Methods: Patients with unmanageable pain during a hospital stay (N = 244) were randomized to receive one of three scripted, 15-minute interventions delivered by hospital social workers: a) pain coping education (n=85), b) mindfulness training (n=86), or c) hypnotic suggestion (n=73). The mindfulness intervention incorporated principles of intentionally paying non-judgmental attention to present-moment experience, with focused attention on breath sensations and an emphasis on pain acceptance. The hypnotic suggestion intervention incorporated imagery and suggestions for changes in cognition, emotion, and body sensations (e.g., imagine changing pain sensations to a comfortable warmth or coolness). The psychoeducation session involved discussion of behavioral coping strategies for pain management. Primary outcomes were assessed before and after the 15-minute interventions, using validated measures for pain intensity and unpleasantness. Secondary outcomes included desire for opioids, relaxation, and pleasant body sensations.

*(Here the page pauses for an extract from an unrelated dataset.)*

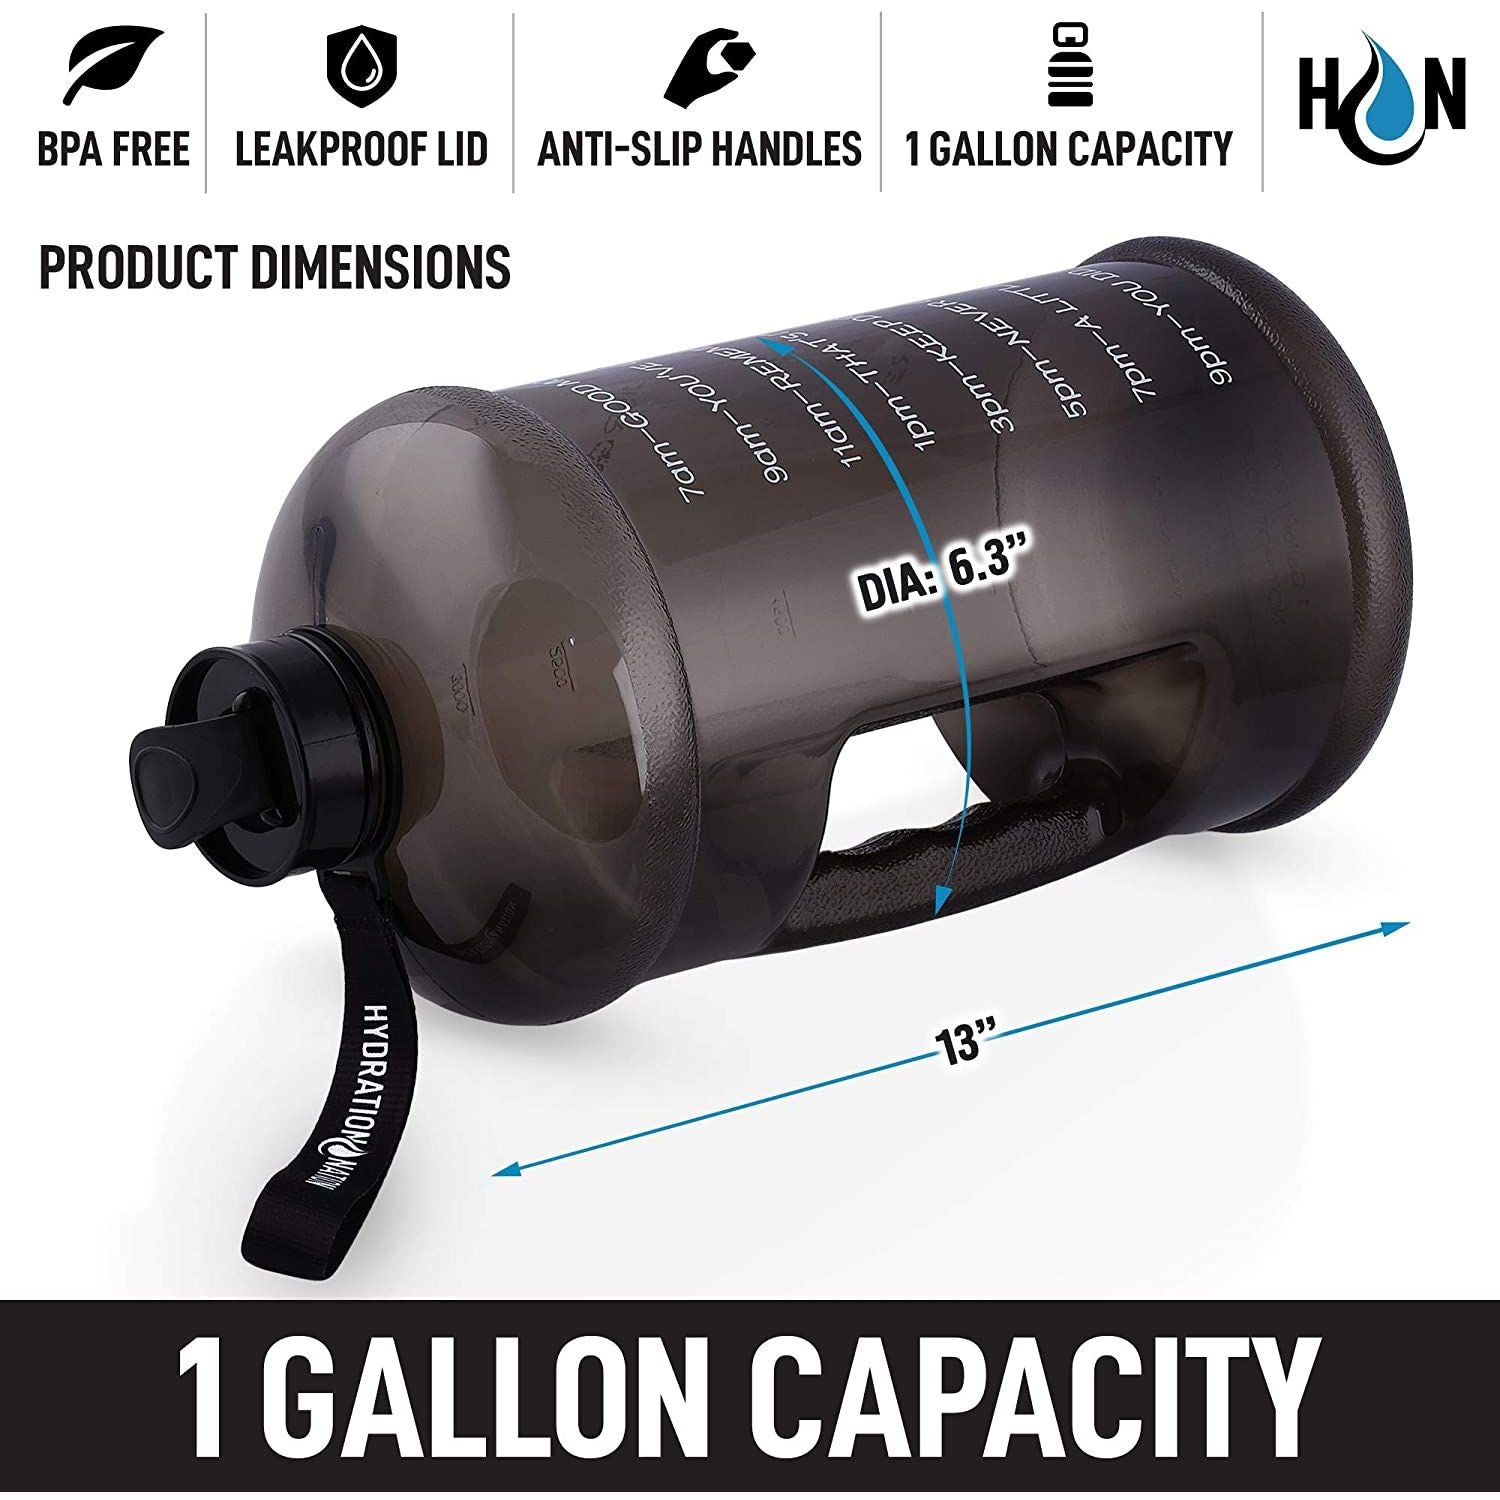 1 gallon water capacity

Results: Participants in the mind-body interventions reported significantly lower baseline adjusted pain intensity at post-intervention than those assigned to the education condition (p<.001, pain reduction in mindfulness = 23%, hypnosis = 28%, education = 9%), and significantly lower baseline adjusted pain unpleasantness (p<.001). Intervention conditions significantly differed with regard to relaxation (p<.001), pleasurable body sensations (p=.001), and desire for opioids (p<.015), whereas all three interventions were associated with a significant decrease in anxiety (p<.001).
Conclusion and Implications: Brief mind-body interventions delivered by hospital social workers led to significant improvements in pain and related outcomes, suggesting that such interventions may be useful adjuncts to medical pain management and might provide a viable non-pharmacological alternative to opioids. Our study also strongly suggests that in order to meet the Grand Challenge of “closing the health gap,” the role of clinical social workers needs to be expanded to include the provision of these simple-to-deliver, brief mind-body intervention sessions as part of standard medical treatment in healthcare settings where pain management is a priority.